1. Setting the Stage

Years ago my wife and I hired a painter to paint our house. The job took a week. The painter spent the first three days scraping, filling and sanding. On day four the house was ready to be painted. An effective mediator invests time before mediation getting to know the file - the players, the personality dynamics, the key pieces of evidence needed to determine the strengths of each party's case. Whenever possible, I use pre-mediation discussions to learn about the dispute and the perceived challenges of achieving a resolution. I request mediation briefs well in advance to familiarize myself with each side's view of the facts and issues and to allow time for follow-up with counsel on key pieces of information that may be unclear or missing.

2. The Consummate Host

Many disputants arrive at mediation unfamiliar with the process, apprehensive about their participation in it and fearful of confrontation with the other side. The mediator must quickly gain their trust, by creating an environment that is welcoming, safe, accessible and inclusive, and deliver a process that gives everyone a chance to be heard. Humanity, humility, empathy, humour and lots of healthy snacks help me keep participants engaged, focused and positive during even the most difficult mediations.

3. Seeing the Same Landscape Through Different Eyes

As Marcel Proust said, "The real voyage of discovery consists not in seeking new lands. but seeing with new eyes."Disputants and their counsel often come to mediation entrenched in positions and pessimistic about settlement. A mediator should bring a fresh set of eyes and a new perspective, injecting positive energy and optimism into the dialogue, unearthing interests and concerns that have been missed, and offering novel ideas or options for resolution that have not been previously considered.

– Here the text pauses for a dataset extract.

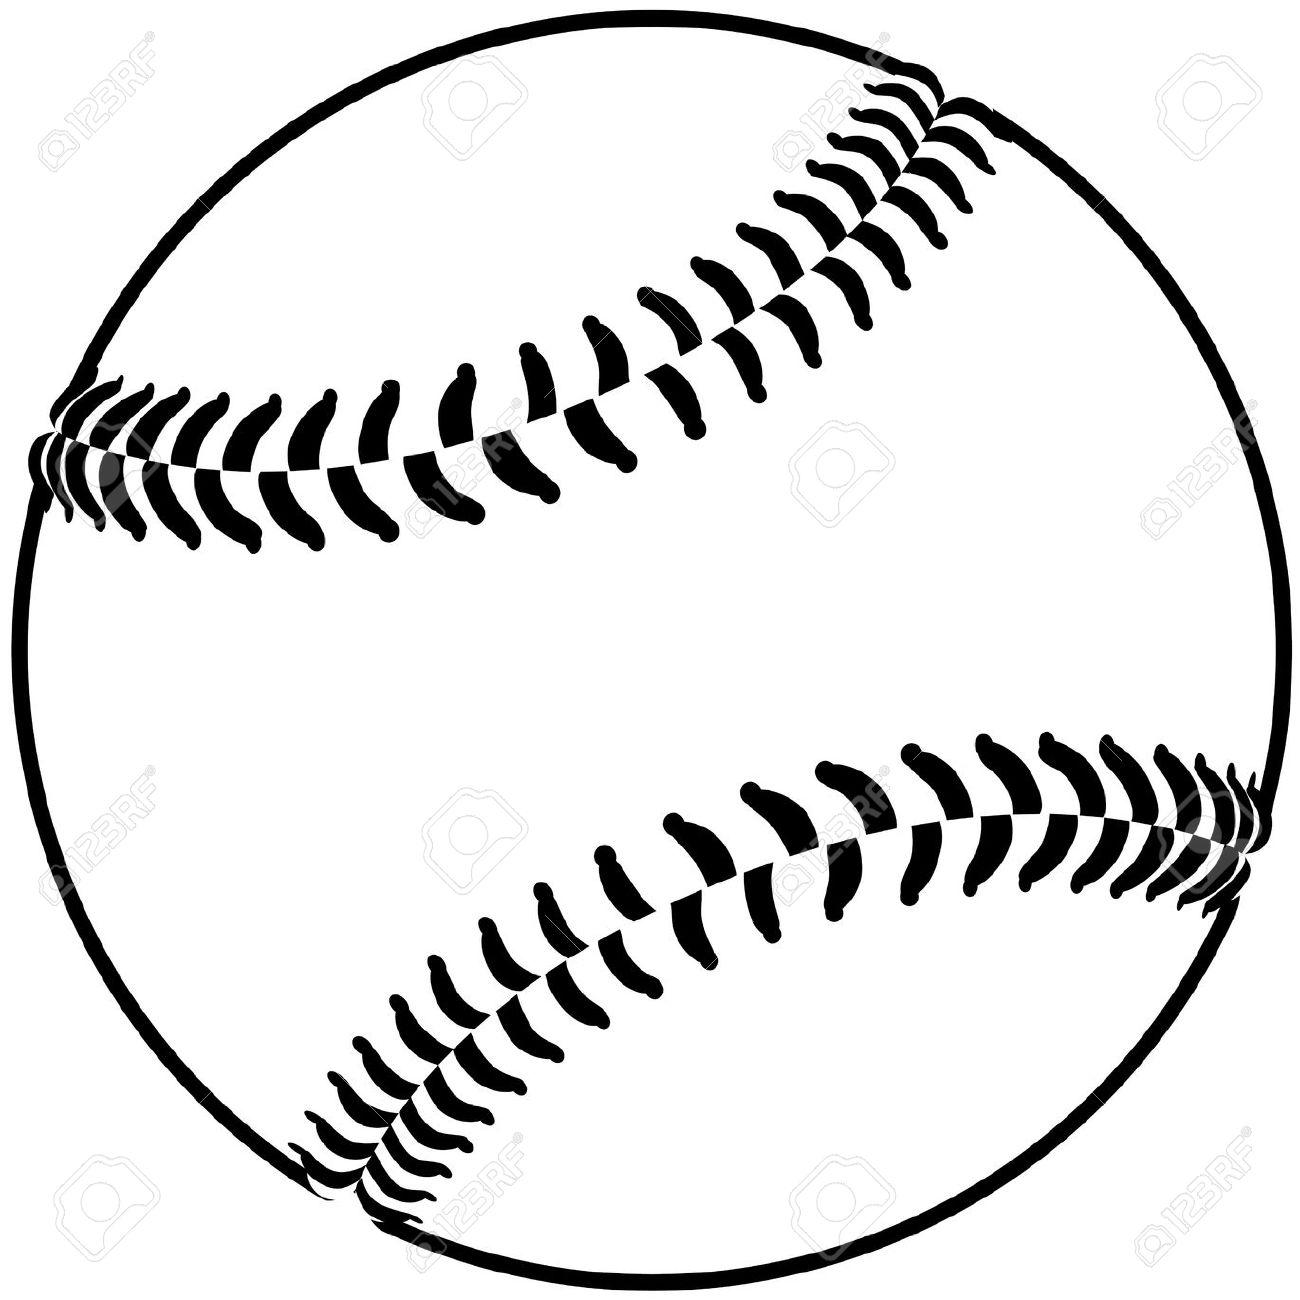 softball clipart black and white - 116.5KB

4. Practising Patient Persistence

Disputing parties expend a great deal of time, energy and resources on their dispute, often leaving them emotionally raw, fatigued or frustrated (or all of the above) by the time they get to mediation. Even good counsel can succumb to litigation battle fatigue. A mediator that practices "patient persistence" stays the course, offering an endless supply of encouragement, resilience and stamina that keeps the parties on track, engaged and communicating, particularly at those critical points in the process when it would be easy for everyone to pack up and and pack it in. Even if a resolution isn't achieved during mediation, I remain hopeful. Counsel and their clients may need some time to digest what's been discussed at mediation before revisiting resolution. I, generally, follow-up with counsel by phone or email after the mediation to see if I can help in moving the parties forward. Counsel and their clients appreciate this gesture and I find that a simple follow-up often sets the wheels in motion for a settlement in the days or weeks following mediation.

5. Resourcefulness

A local diet doctor promotes his weight loss program with the following tag line: "If you could do it alone, you would have done it already." The same could be said about the resolution of conflict. If disputants could resolve their disputes on their own, they wouldn't need mediators. Good mediators are resourceful, armed with an array of communication tools, creative savvy, substantive knowledge and process skills, and the ability to develop a road map to resolution and the dexterity to modify it on the fly as circumstances change. A resourceful mediator adapts their approach to the parties, drawing on their facilitation skills and, when requested, employing reality testing techniques - with sensitivity, tact and balance - to help the participants assess the relative strengths and weaknesses of their case and litigation risk, ever mindful of the delicate professional relationship that exists between counsel and client.

Much like the role of a conductor or referee, a mediator's role can be subtle, perhaps even unseen. I've suggested five ways a mediator can add significant value to a mediation process.